**The problem**
Every line below from the one with "9770553319b1 Details about" through the one with "Samolot, Hangar, Zabytkowy, Samochód, Bugatti" is to be repeated exactly, with no picture among them.

**Records for processing**

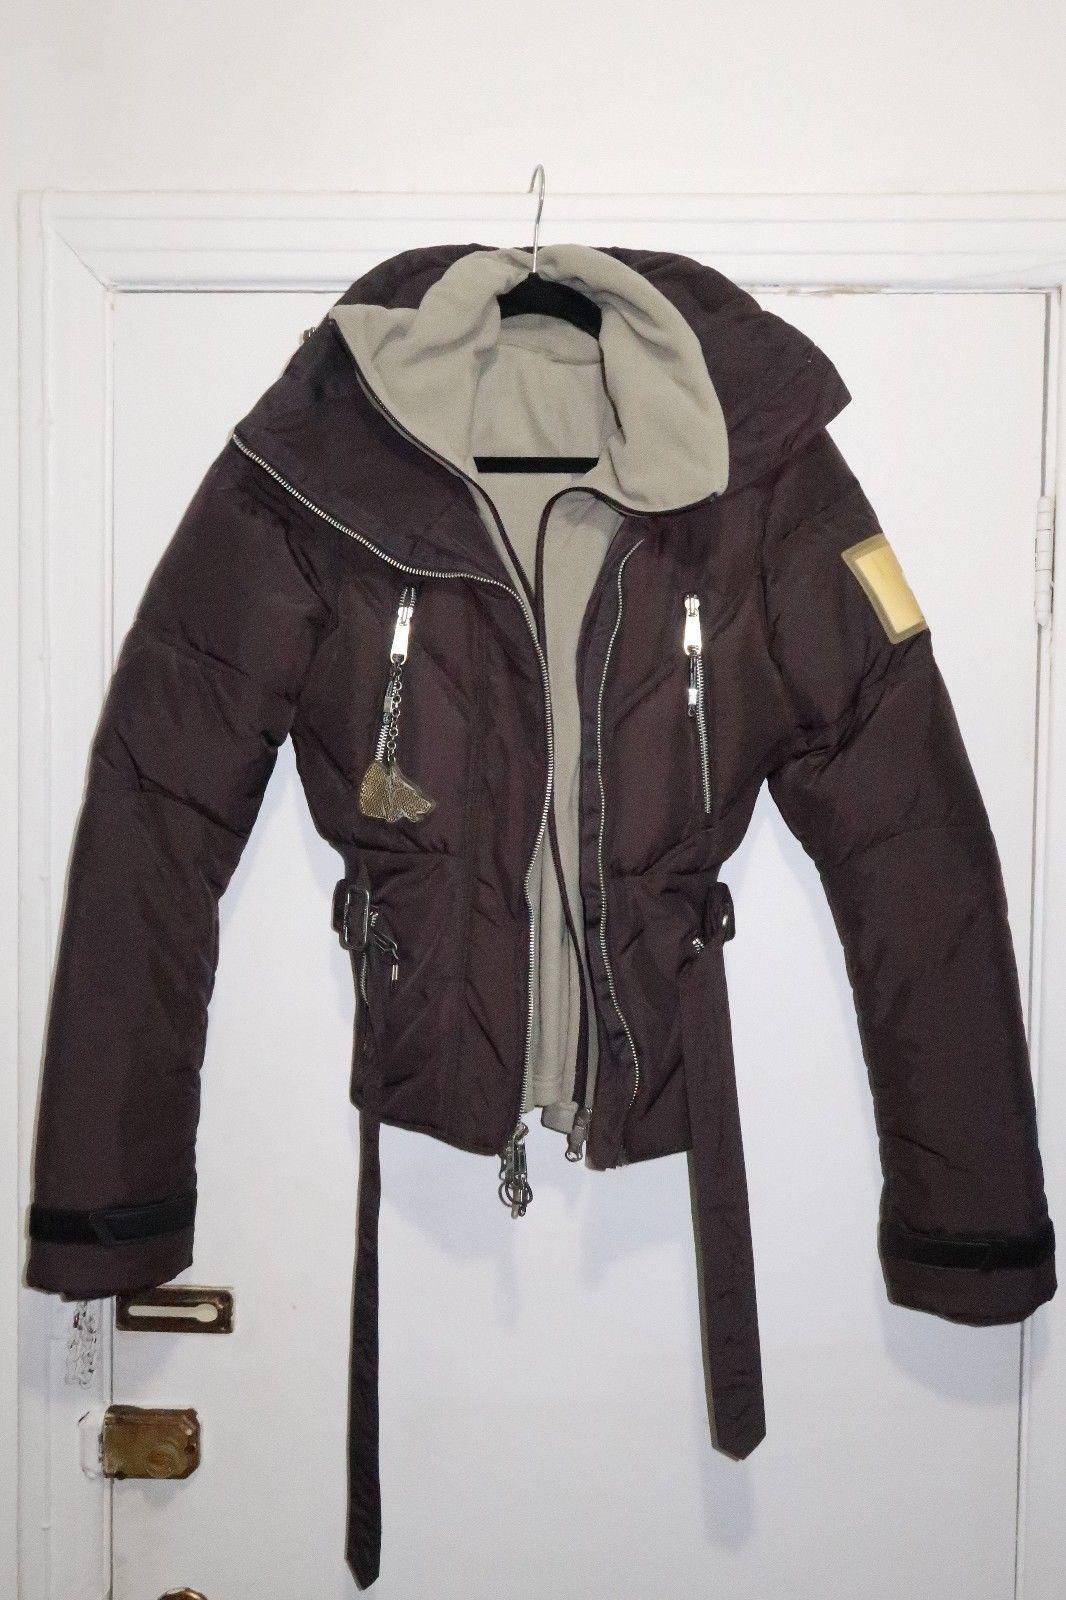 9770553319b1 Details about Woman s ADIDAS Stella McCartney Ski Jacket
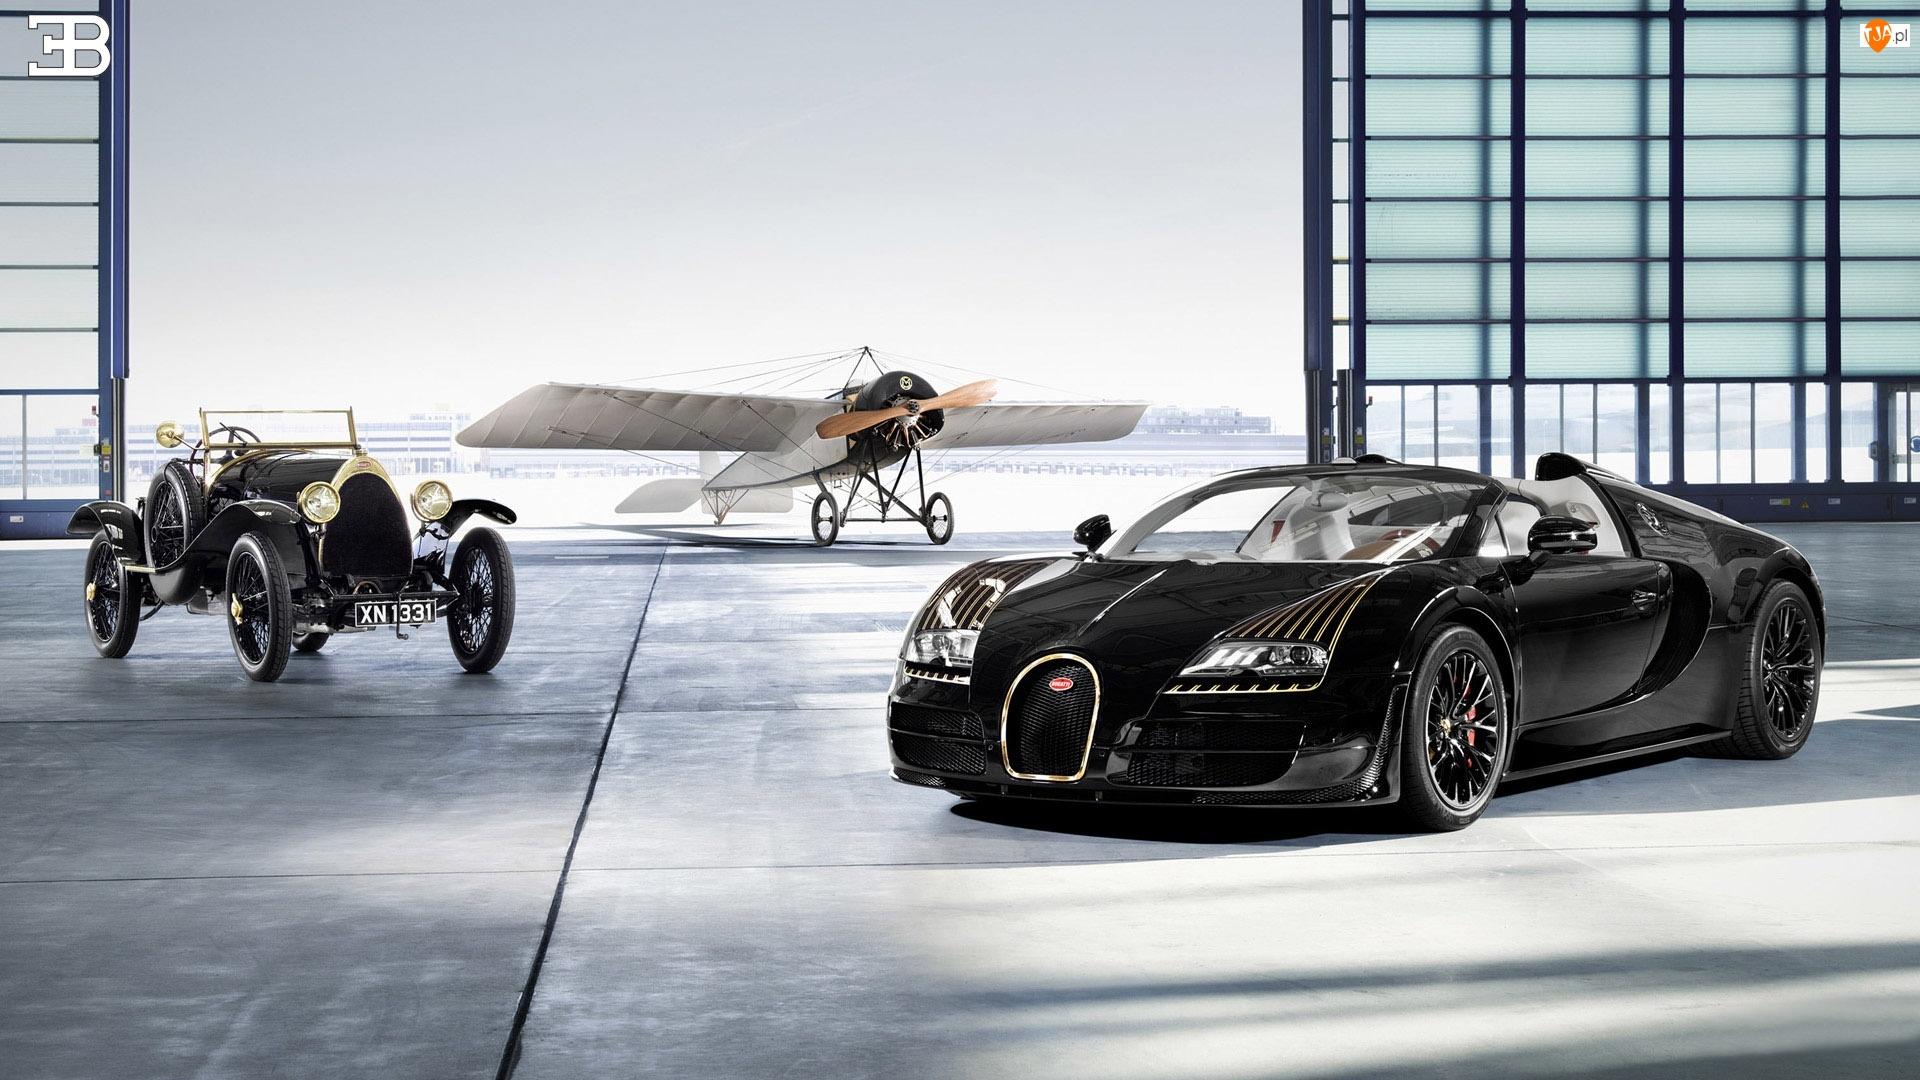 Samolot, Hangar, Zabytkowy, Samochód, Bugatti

...

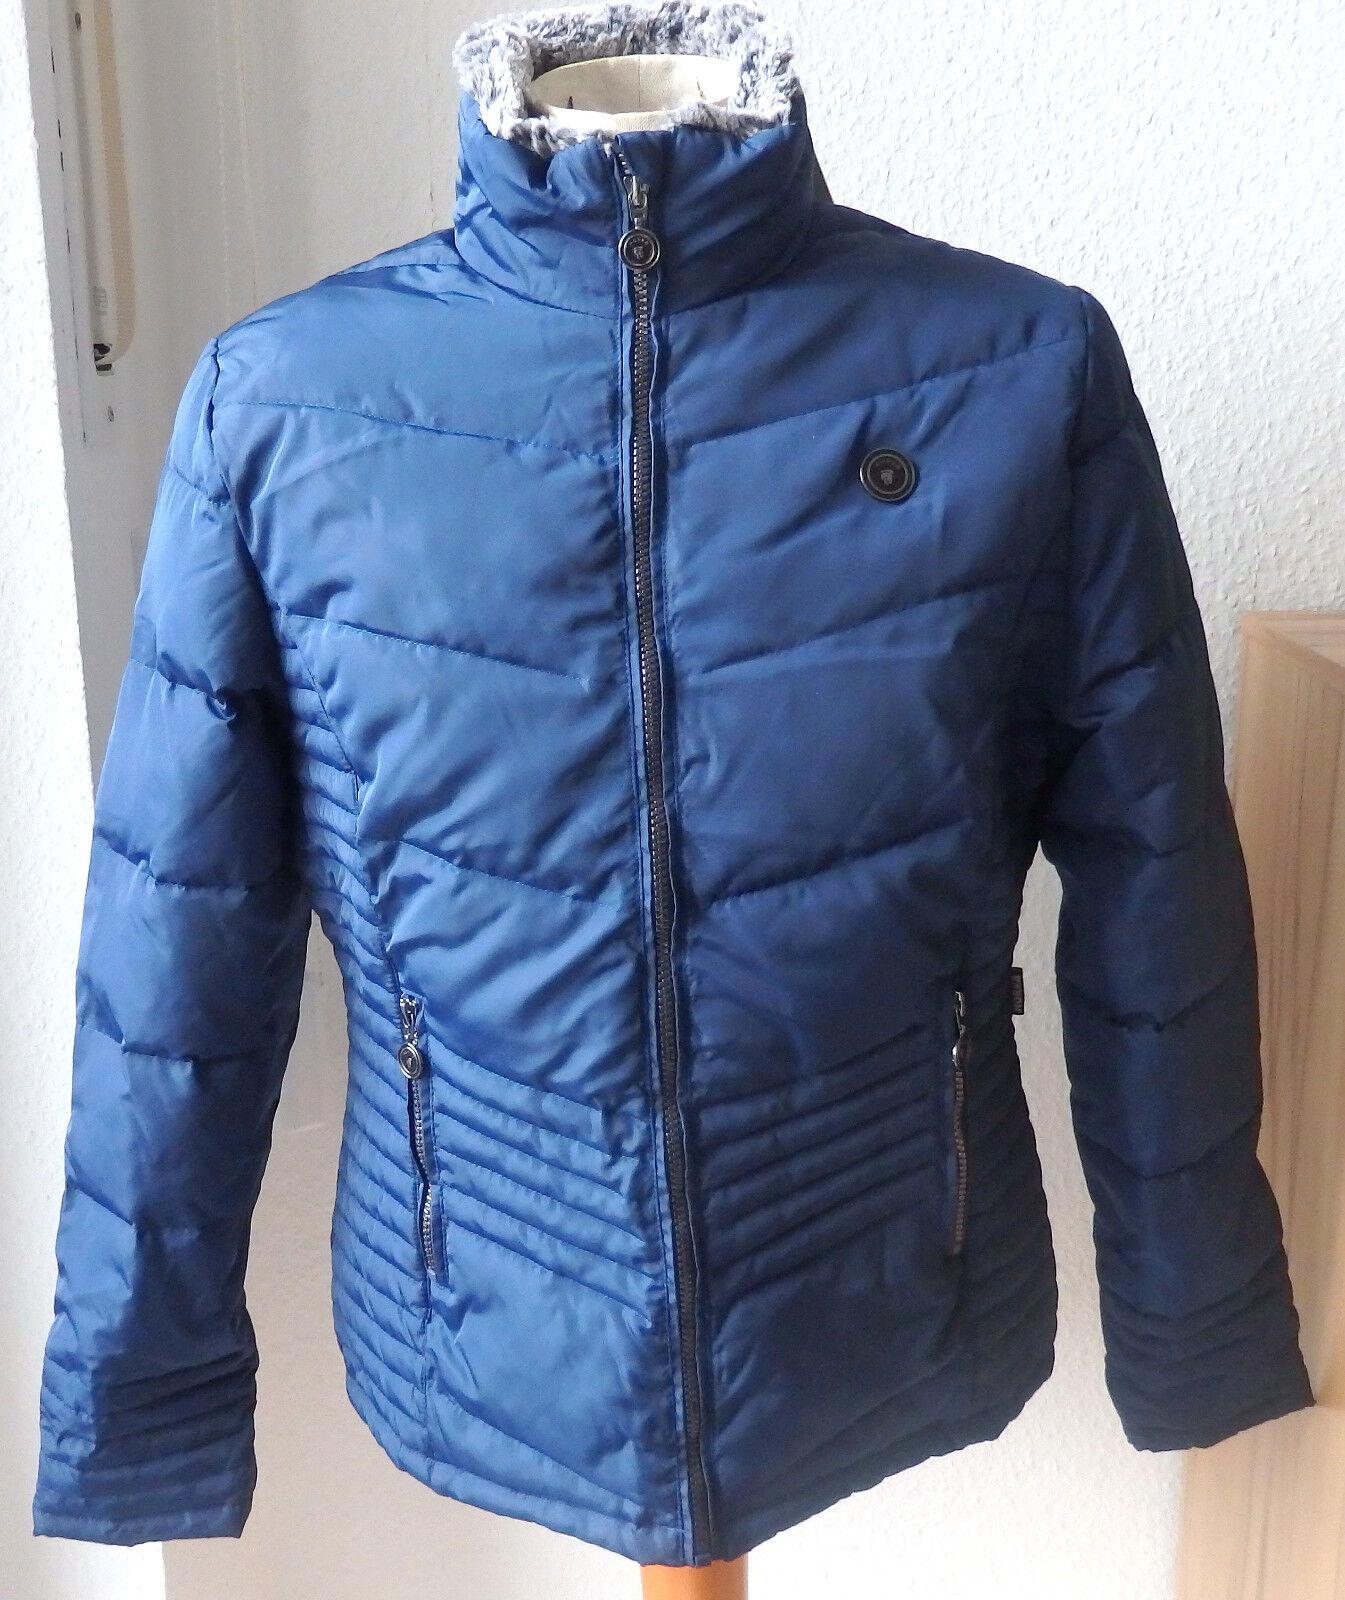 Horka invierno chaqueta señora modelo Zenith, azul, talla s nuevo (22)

**Task output**
 9770553319b1 Details about Woman s ADIDAS Stella McCartney Ski Jacket
 Samolot, Hangar, Zabytkowy, Samochód, Bugatti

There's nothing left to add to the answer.